Cline and Neal said workers’ compensation fraud still is a problem. And the fraud occurs at all levels from workers to health care providers to employers.

Last month, a West Hamlin business owner pleaded guilty to two counts of workers’ compensation fraud after being indicted in November by a Kanawha County grand jury. During his plea hearing, the business owner admitted to failing to file premium tax reports for the first and second quarters of 2001 and said he owed, among other things, $18,284.19 for unpaid workers’ compensation premiums. The business owner is expected to be sentenced April 16 before Kanawha County Circuit Court Judge Irene C. Berger.

“Workers’ compensation fraud is still a big issue,” Neal said. “From what we’ve seen, it is primarily done by workers and providers but sometimes by employers, too.”

State-By-State

Comparisons

Dennis Jay with the Coalition Against Insurance Fraud said there is still a perception among national experts that West Virginia has a problem with workers’ compensation fraud.

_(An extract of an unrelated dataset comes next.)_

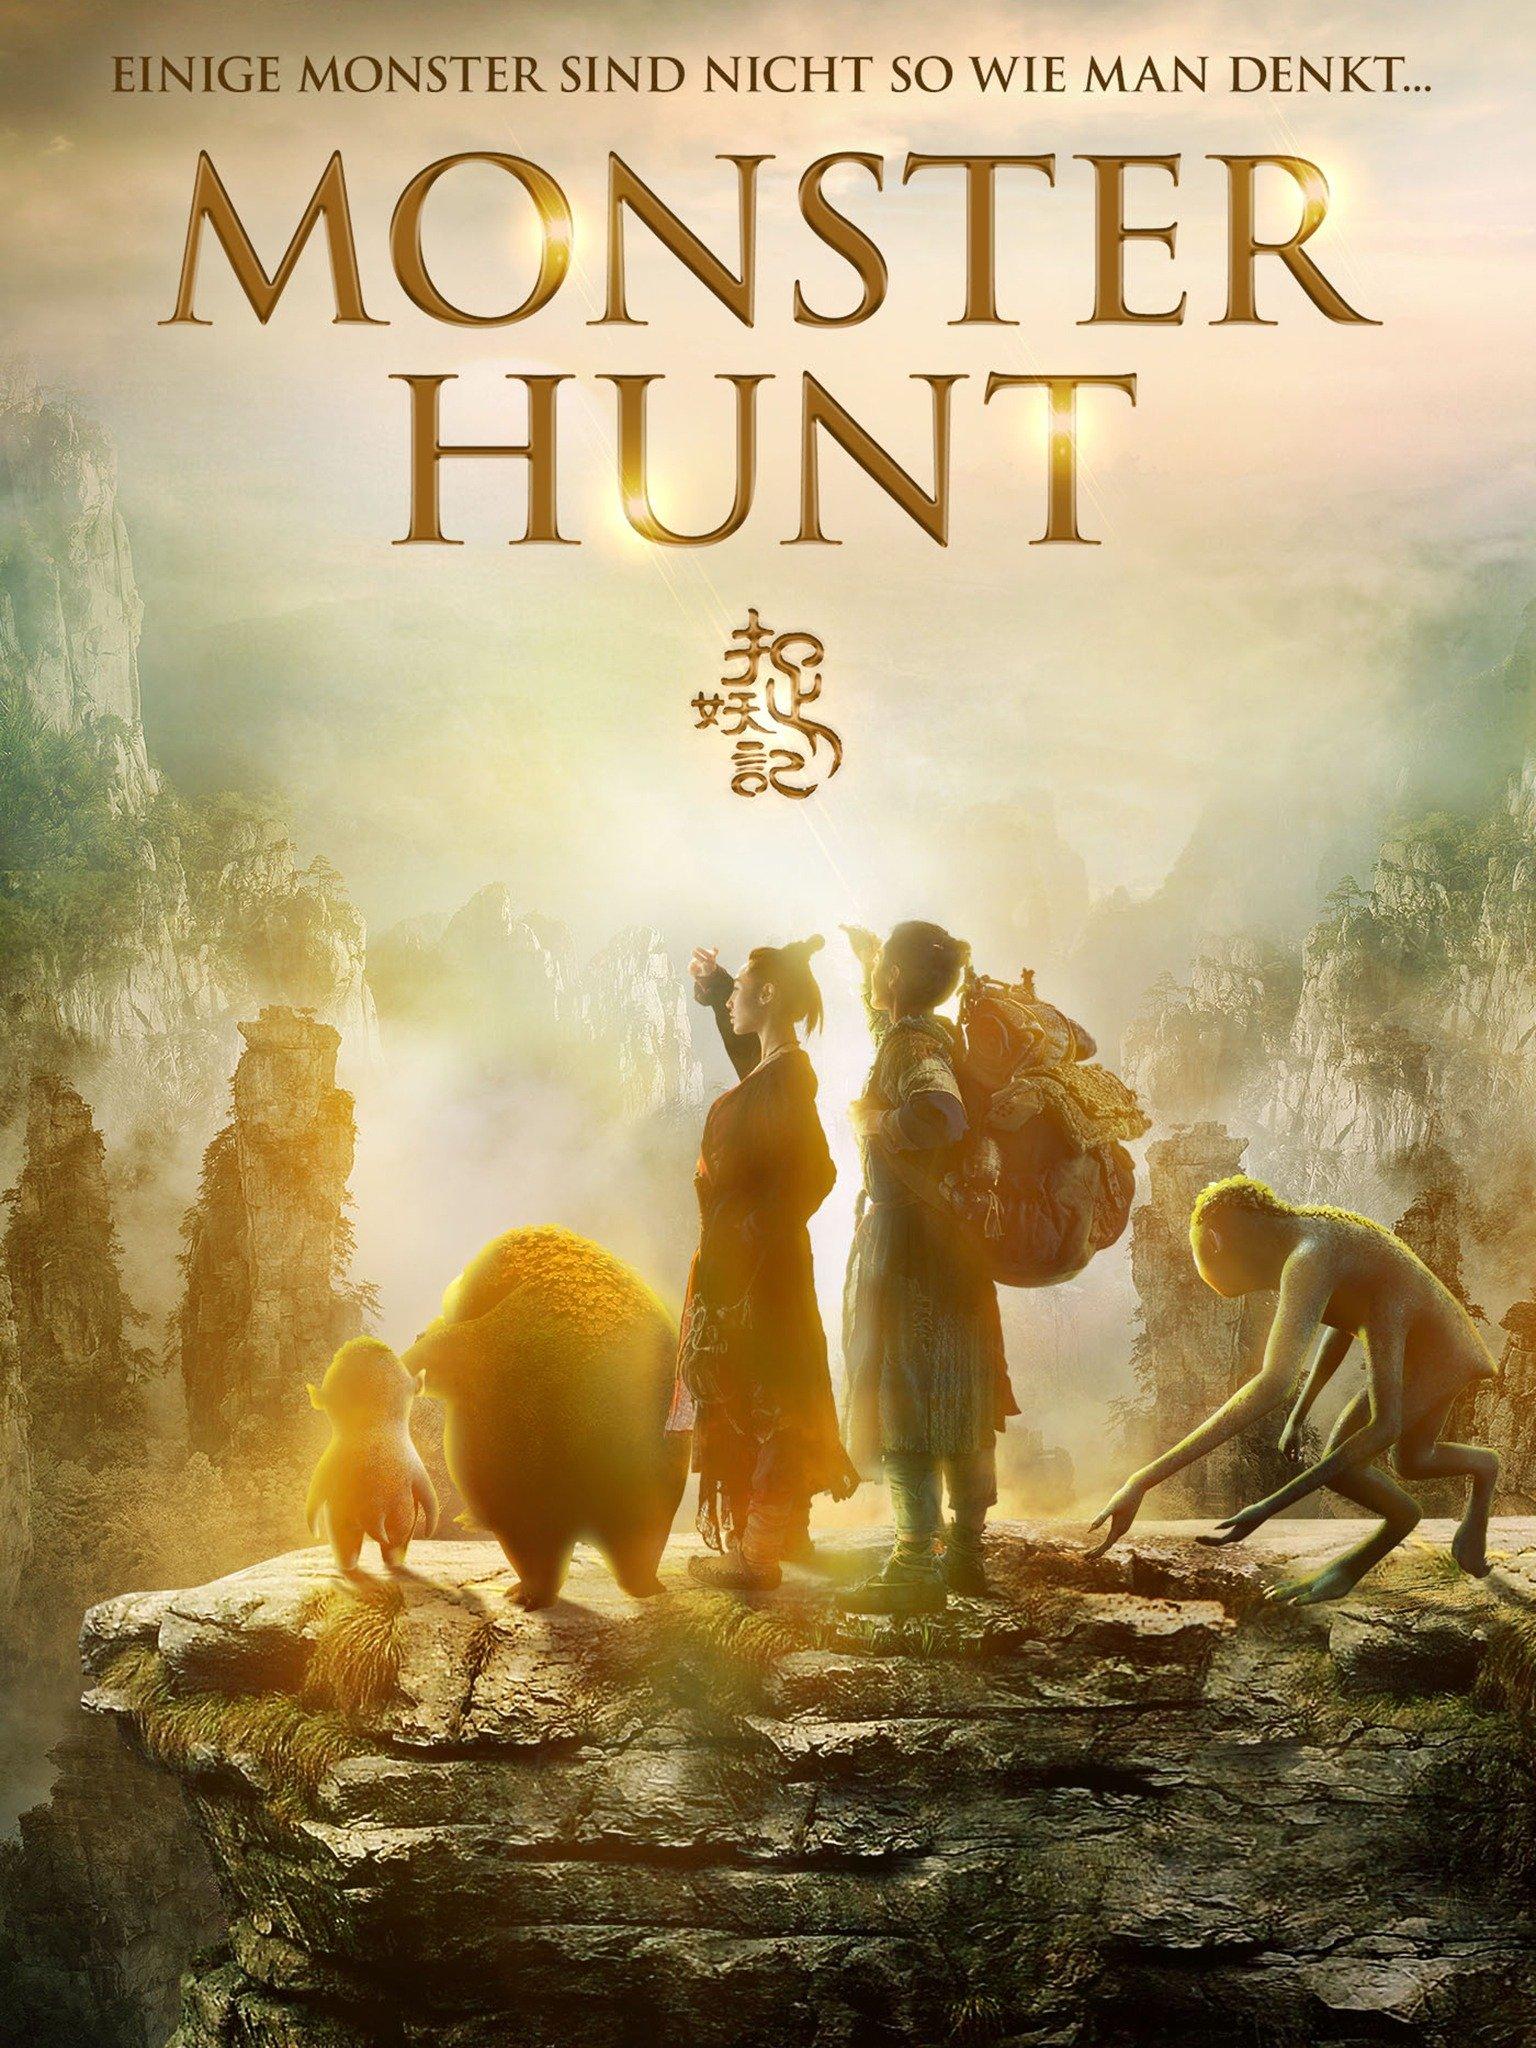 Monster Hunt (2015) ORG Hindi Dual Audio 300MB BluRay 480p ESubs Free Download

“That seems to be one area where there seems to be a little more fraudulent activity,” Jay said. “But that could be because when (West Virginia) formed the fraud unit they inherited a lot of the workers’ compensation investigations.”

Since West Virginia hasn’t had a fraud investigation unit for long, comparing the state’s investigation, arrest and conviction rate with national trends isn’t easy.

“West Virginia has been a little hard to get our hands around because your fraud division is still young,” said Jay, whose nonprofit group is expected to release a state-by-state comparison of insurance fraud investigation efforts later this year. “It usually takes three to four years of data to really see trends and be able to compare, so this year will be a telling year.”

He said when looking at the number of referrals on a per-capita basis, the state looks to be about average.

Neal agreed.

She said of the six states she oversees — West Virginia, Kentucky, Tennessee, Ohio, Michigan and Indiana — the Mountain State seems to have the lowest incidence rate of insurance fraud. And, she said, it has a low rate or car thefts.

“It’s still a significant problem when you look at it on a per-capita basis, but I’d say West Virginia is in the lower realm,” she said.

Jay said West Virginia comes nowhere close to having the amount of insurance fraud as some of the nation’s more populous states, such as New York, California and Florida. His yet-to-be-completed study shows the fraud units in those states are well-established, fairly hard-hitting and always busy.

Some fraud units in smaller, more rural states also have excellent reputations, he said.

“Utah and Idaho are smaller units, but they are very aggressive,” Jay said.

Other states — Alabama, Illinois, Maine, Michigan, Oregon, Vermont, Wisconsin and Wyoming — have no insurance fraud investigation units at all.

“Tennessee used to have one, but it’s been defunded,” he said.

Neal, Jay and Cline agreed that what the state needs to do now is launch an aggressive education and public outreach program to teach people about the effects of insurance fraud. People need to understand, they said, that the cost of the fraudulent claims isn’t just paid by insurance companies but by everyone.

“The core education is that people need to realize there is a cost to filing bad claims,” she said.